Renungan Harian: Sabtu, 18 November 2023 - Rahasia Sukacita
Sabtu, 18 November 2023

Rahasia Sukacita

Bacaan Alkitab: Filipi 4:4-7

"Jika aku punya sebuah pilihan, aku akan tetap memilih untuk tetap buta... karena ketika aku mati, wajah pertama yang akan kulihat adalah wajah Juru selamatku." Kata-kata ini merupakan kalimat yang menguatkan dari seorang buta bernama Frances Jan Van Alystine (Fanny Crosby), yang tetap bersyukur atas apa yang terjadi terhadap dirinya. Meskipun “penderitaan” yang dialami sejatinya adalah karena keteledoran seorang dokter yang menanganinya. Namun demikian Fanny menganggap hal itu sebagai suatu anugerah Tuhan, bahwa ia harus buta seumur hidup, dan untuk itulah seorang Fanny akan terus berterima kasih.

Kitab Filipi adalah salah satu surat yang ditulis oleh Paulus saat ia berada dalam penjara. Rasul Paulus menulis seruan untuk bersukacita senantiasa di dalam Tuhan justru saat ia sedang dalam kesulitan besar, dalam penjara yang gelap di kota Roma untuk menantikan hukuman matinya.

Tidak sedikit orang yang kehilangan sukacita dalam menjalani hidupnya disebabkan baik oleh hal-hal yang tampak besar, namun juga oleh hal-hal yang bersifat sepele. Ada orang yang merasa sulit bersukacita hanya karena makanan, jalanan yang macet, perkataan orang yang menyinggung perasaan, dan sebagainya. Bukan berarti kita tidak boleh bersedih karena sesuatu yang terjadi dalam hidup kita. Namun janganlah kiranya kita terhanyut atau berlarut-larut di dalam kesedihan dan rasa kecewa yang dalam.

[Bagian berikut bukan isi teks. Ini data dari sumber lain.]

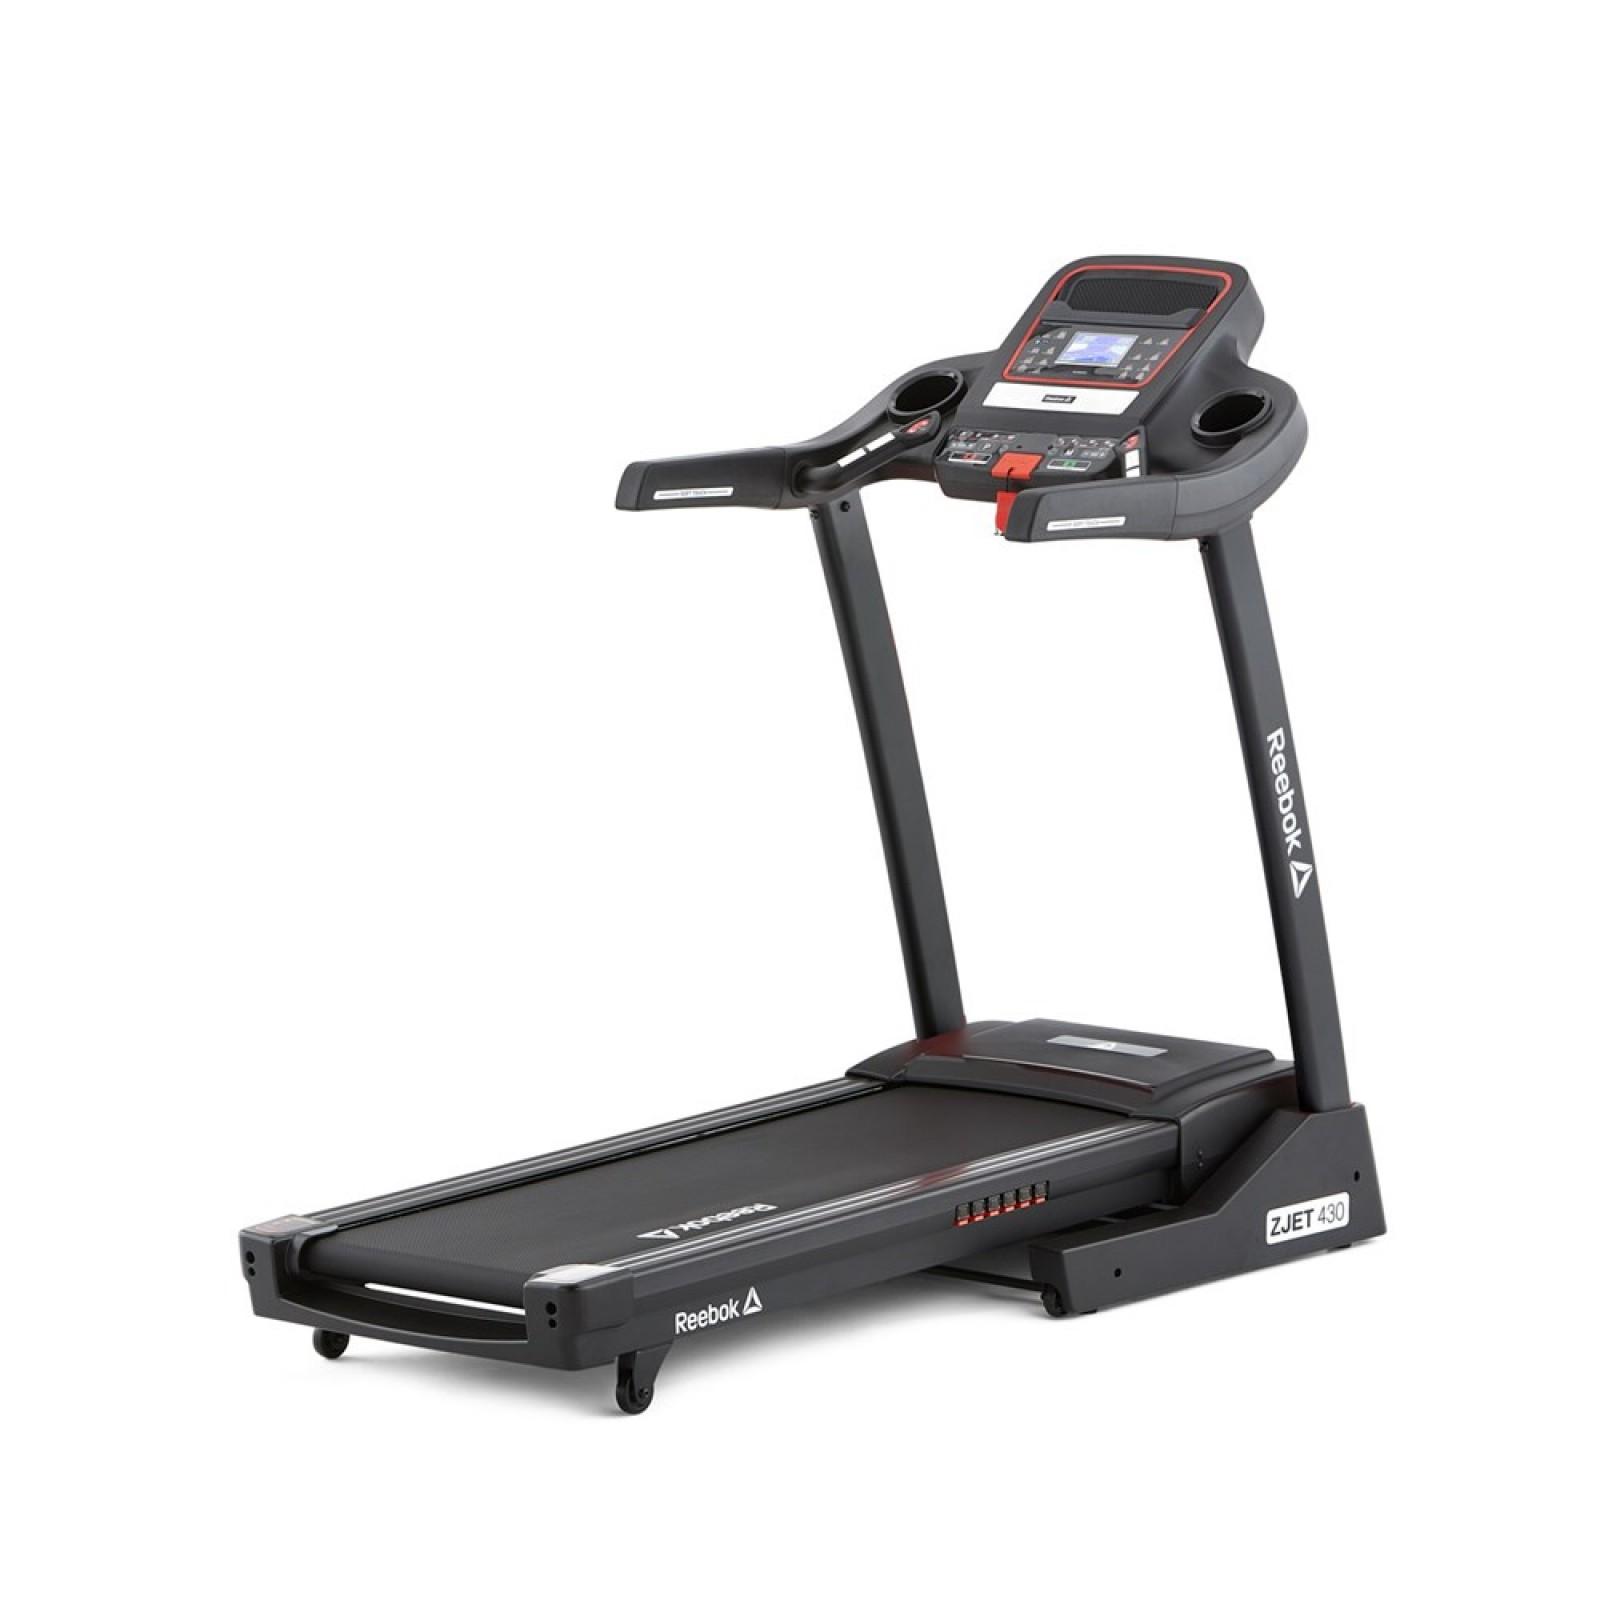 Worn Treadmill Deck: Reebok Treadmill Z-Jet 430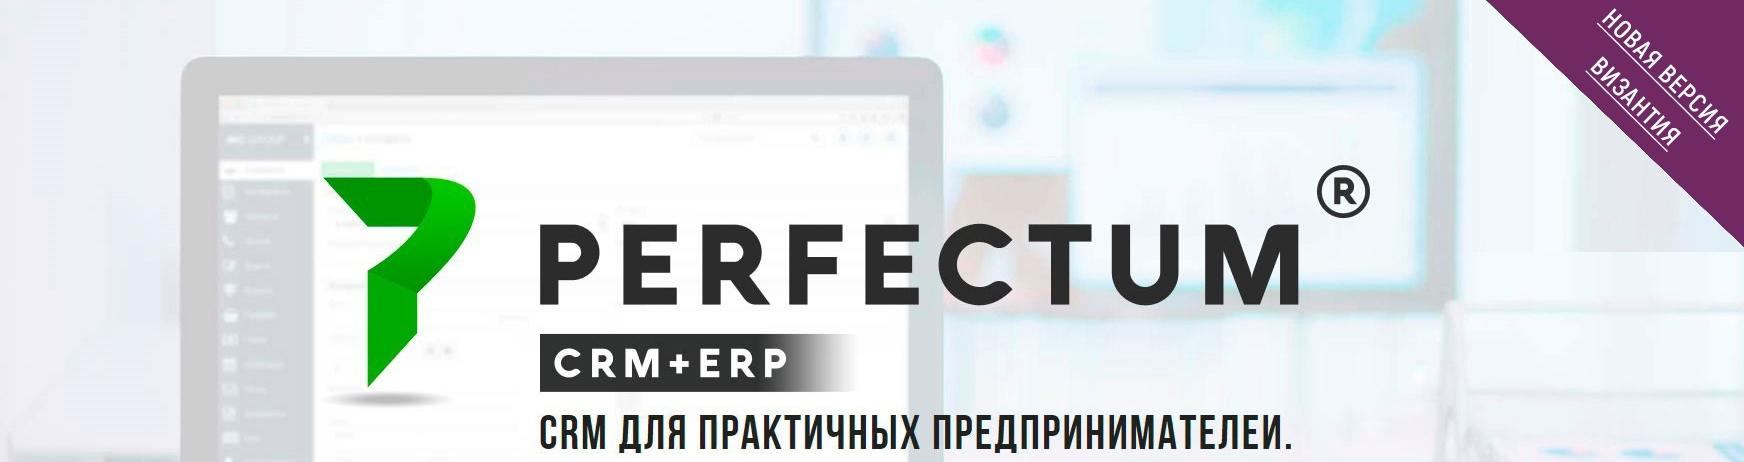 Новая версия Perfectum CRM+ERP 3.3

Sukacita yang sejati bukan bersumber dari pengalaman hidup yang berasal dari lingkungan atau situasi dan keadaan yang menyenangkan atau menguntungkan. Sukacita adalah pemberian Allah di dalam Yesus Kristus kepada orang-orang yang percaya kepada-Nya, yang memimpinnya kepada perubahan hidup secara rohani. Salah satu bukti bahwa seseorang dipenuhi dengan Roh Kudus ialah kegembiraan luar biasa di dalam hidupnya yang tampak dari sukacita dan rasa terima kasih yang berkesinambungan kepada Allah.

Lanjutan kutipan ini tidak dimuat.